In a synagogue visit haunted by history, Pope Benedict XVI and Jewish leaders sparred over the record of the World War II-era Pope during the Holocaust and agreed on the need to strengthen Catholic-Jewish relations.
Both sides said the visit to the seat of the oldest Jewish community in the diaspora was an occasion to overcome what Benedict called “every misconception and prejudice”.
Signs of the Jewish community’s tragic history were abundant, as the German-born Benedict stopped at a plaque marking where Roman Jews were rounded up by the Nazis in 1943 and at another marking the slaying of a 2-year-old boy in an attack by Palestinian terrorists on the synagogue in 1982.

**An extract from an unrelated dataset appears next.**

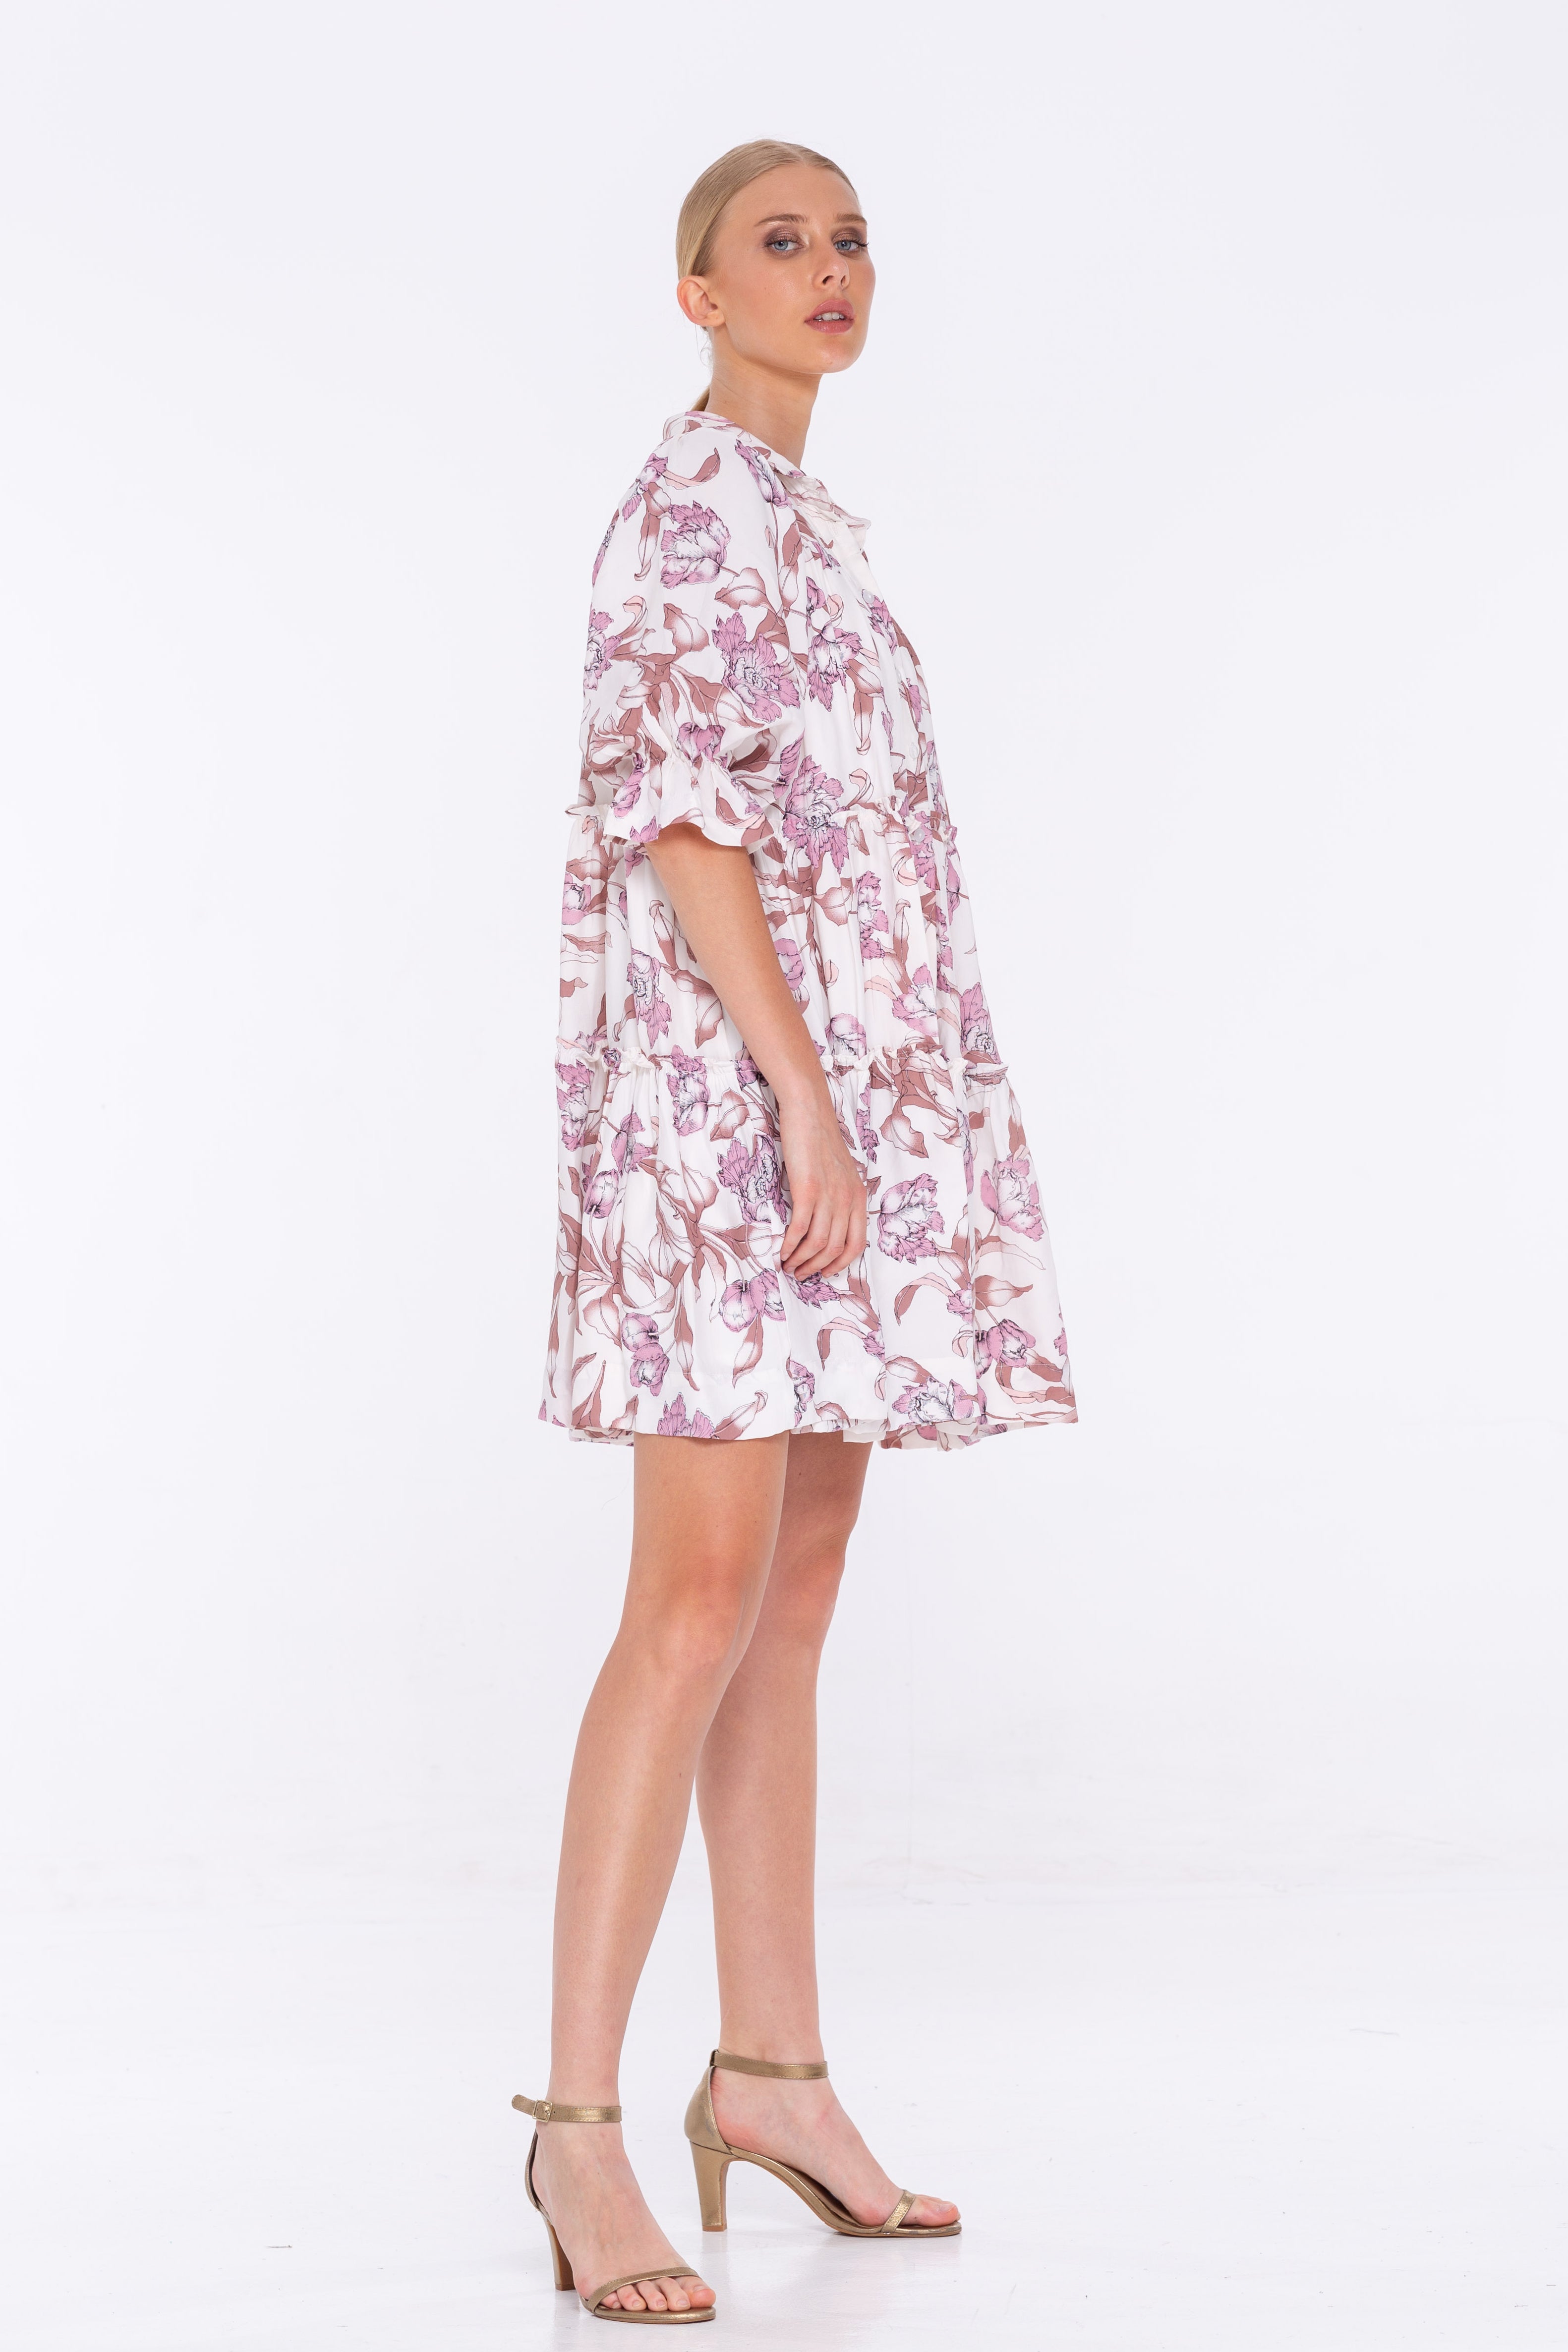 You Put A Spell On Me Dress - White/Mauve/Pink Floral

Benedict defended his predecessor Pius XII against critics, telling the audience that the Vatican had worked quietly to save Jews from the Nazis during World War II.
Many Jews object to Benedict moving Pius towards sainthood, contending that the wartime Pope didn’t do enough to protect Jews from the Holocaust.
My conclusion is that Pius refused to speak up publicly, as he didn’t want to risk the Nazis and Fascists moving against the Church. Now this doesn’t make him a bad person – it was arguably a reasonable decision for the Pope to make.
But in my lay opinion, it should disqualify him from sainthood. Sainthood should not be bestowed when there is significant doubt.
Of course decisions on Sainthood, are decisions for the Catholic Church alone. But if they proceed, they should not be surprised that many will think less of the Church for such a decision.